– Ты что, и в самом деле так думаешь, Бернард?
– Провалиться мне на этом месте, если вру.
– Я… я тоже в это верю. Но меня почему-то гложет чувство вины. Черт, это все так необычно, у меня прямо голова закружилась.
– Того, кто отвергает чудеса и фантазию, еще при жизни ждет трупное окоченение.
«Развеселая пирушка» в длину была около двенадцати метров, не считая бушприта. Она вмещала четырех пассажиров и могла бы вместить больше, но ее каюта была переделана таким образом, чтобы максимально расширить грузовой отсек без особых изменений внешней конструкции. Это был отличный шлюп из тикового дерева с отделкой из латуни. Его запах вызывал в воображении образ корабля, перевозящего пряные приправы, – впрочем, «Развеселая пирушка» в некотором смысле и была таким судном.
Ли-Шери сидела на корме, у камбуза, за столиком, накрытым стеклом. Под стеклом лежала навигационная карта Гавайского архипелага. Кофейные чашки и бокалы из-под текилы оставили круглые следы на стекле – липкие атоллы посреди усыпанного крошками Тихого океана. Пальцем, не участвующим в сжимании туалетной бумаги, Ли-Шери водила по краям безымянных рифов.
– Знаешь, – наконец промолвила она, – рядом с тобой мне нравится быть принцессой. Большинство мужчин, с которыми я была знакома, заставляли меня стыдиться этого. Они втихомолку давились от смеха при одном упоминании красоты, магических чар и… что там еще олицетворяли принцессы?
– Волшебство, роковые предсказания, лебедей в дворцовом пруду, закуску для драконов…
– Закуска для драконов?
– Ну да, вся эта романтическая дребедень, которая делает жизнь интересней. Людям это нужно не меньше, чем низкие цены на бензин или детское питание без дуста. Твой бывший дружок наверняка даже соски тебе не целовал как следует из боязни, что в них скопились пестициды.
Услышав про себя, соски принцессы тотчас встали по стойке «смирно».

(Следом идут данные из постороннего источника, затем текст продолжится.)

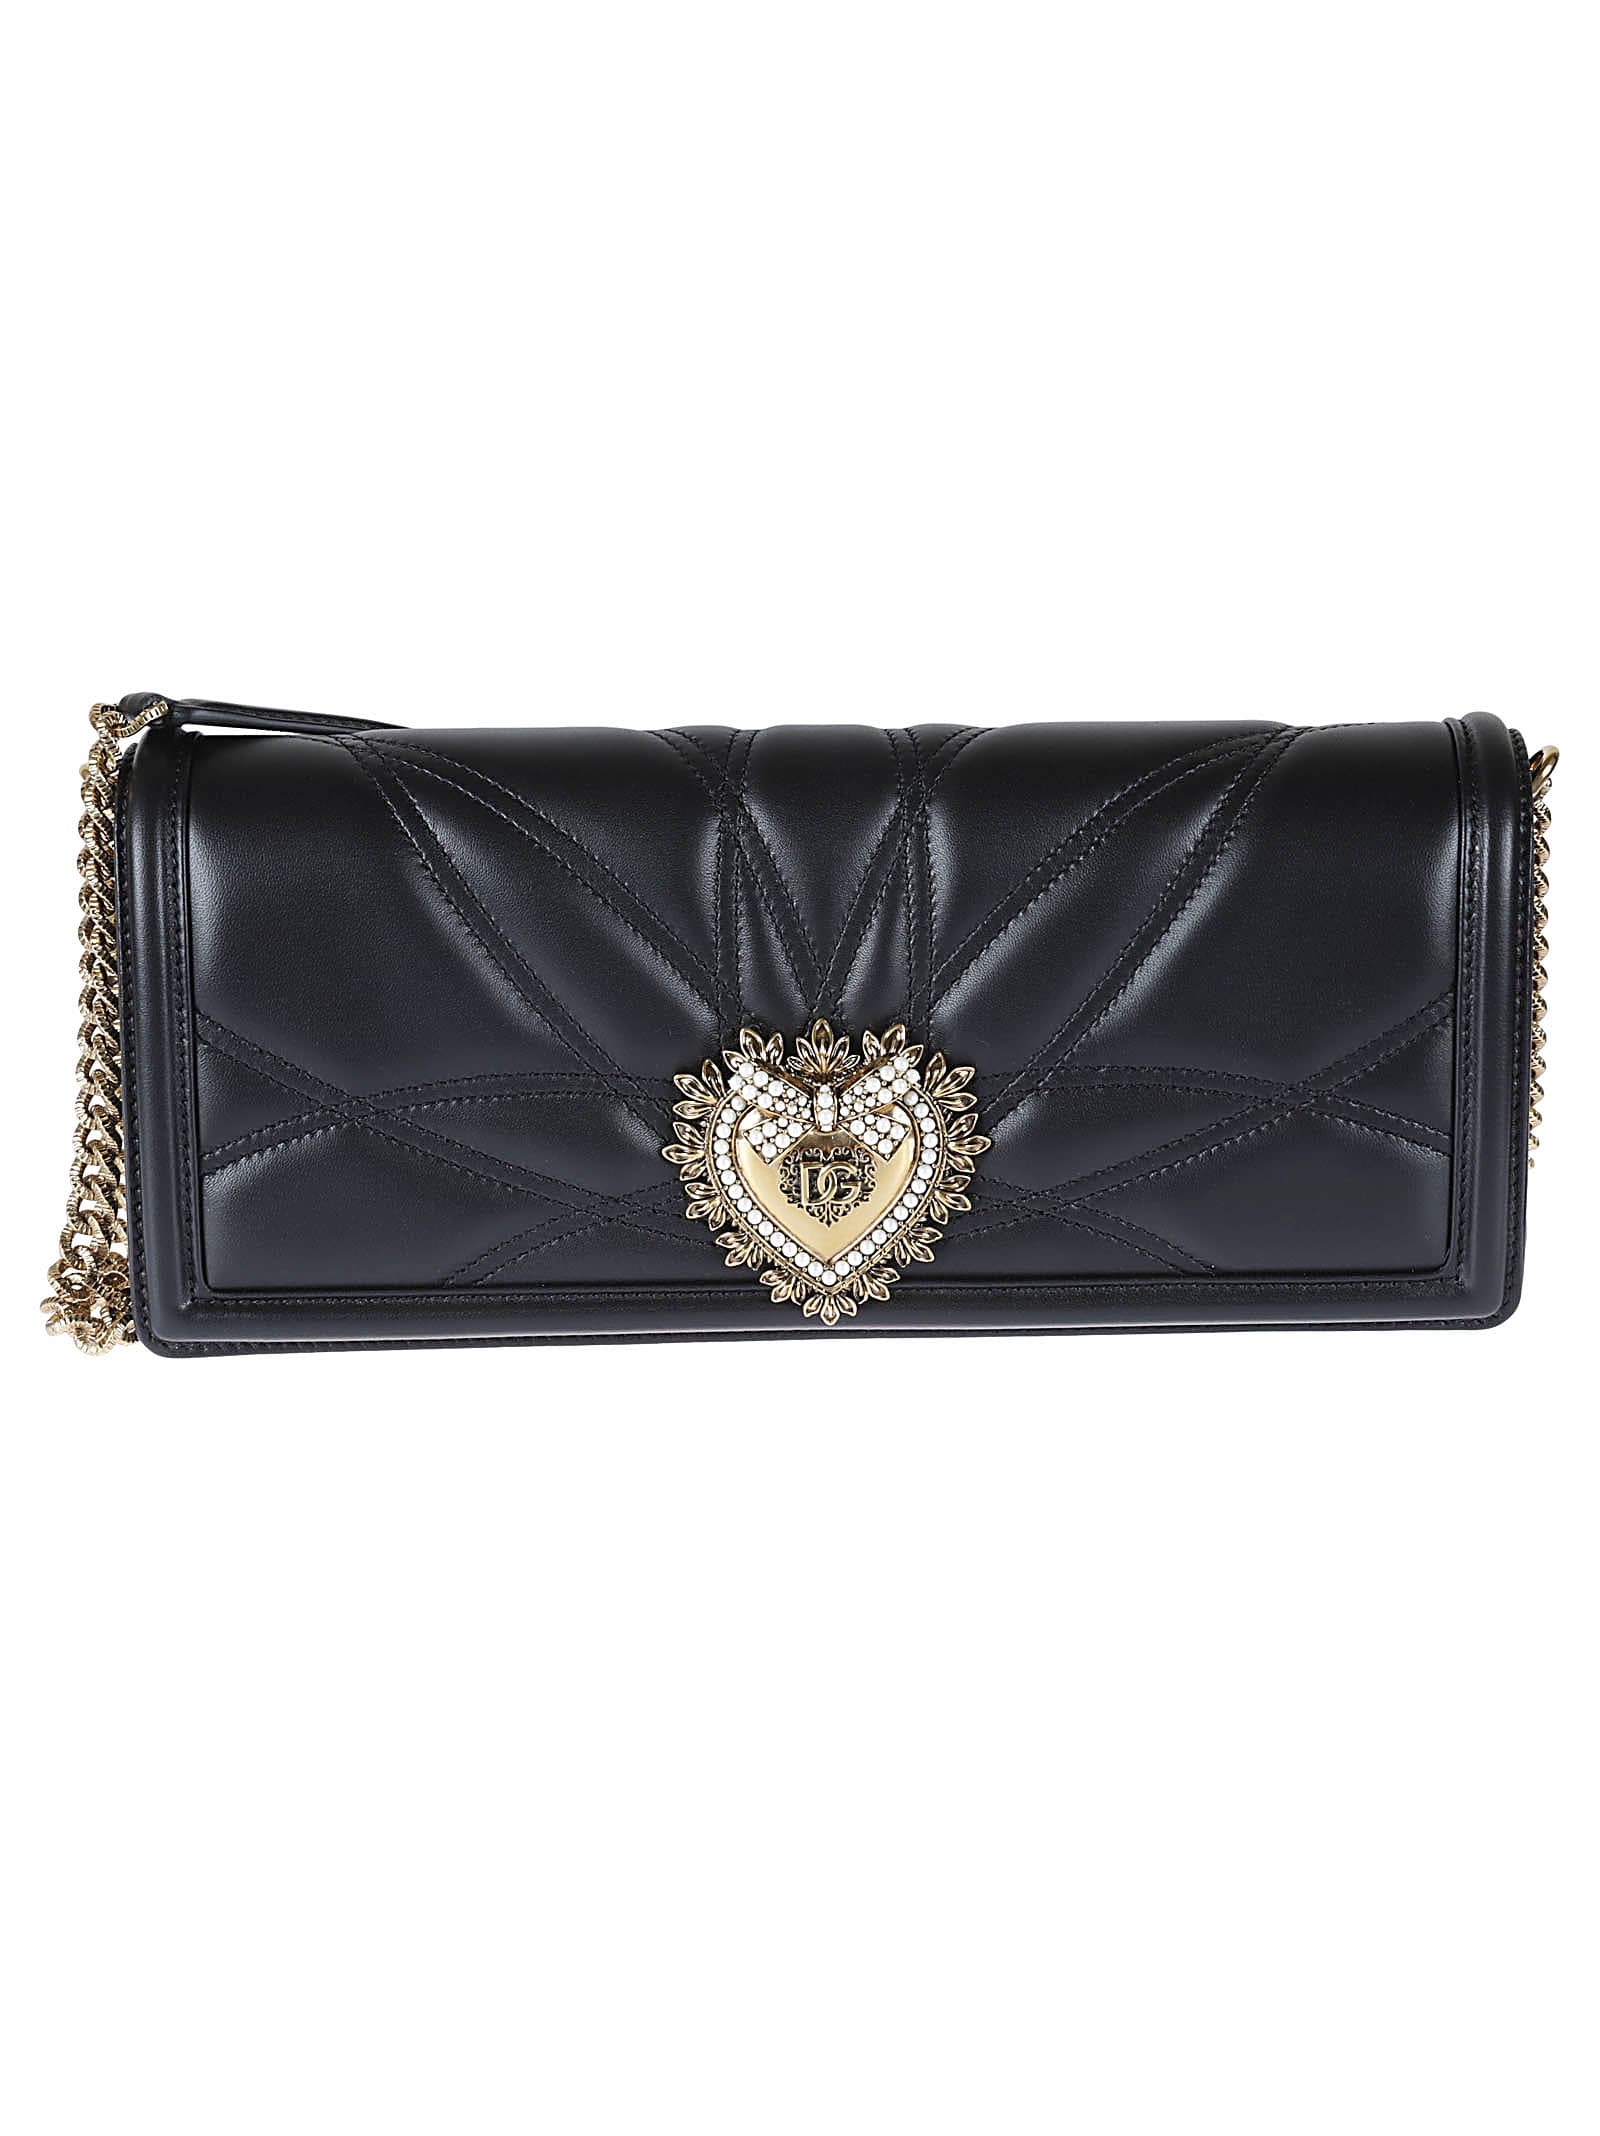 Dolce & Gabbana Quilted Devotion Shoulder Bag

– В начале моей бунтарской карьеры (не важно, когда именно), сразу после первого побега из тюрьмы, я участвовал в угоне самолета на Кубу. Кастро, тот еще лис, предоставил мне политическое убежище, но не прожил я в Гаване и месяца, как отвязал с пристани лодку с подвесным мотором и на всех парах погнал к островам Флорида-Киз. Своей монотонностью социалистическая система наводила на меня смертную тоску. Куба не была для меня загадкой, в ее жизни полностью отсутствовали свежесть и новизна, и что хуже всего, там не было никакого выбора. Согласен, капитализм способствует процветанию множества отвратительных пороков, но по крайней мере жить в капиталистическом обществе увлекательно, потому что у тебя всегда есть возможности. Борьба в Америке – это борьба индивидуумов, а если у человека достаточно ума, силы воли и сообразительности, перед ним открываются перспективы поинтереснее, чем вид на сортир торговца автомашинами. При социализме ты такой же, как все, не хуже и не лучше.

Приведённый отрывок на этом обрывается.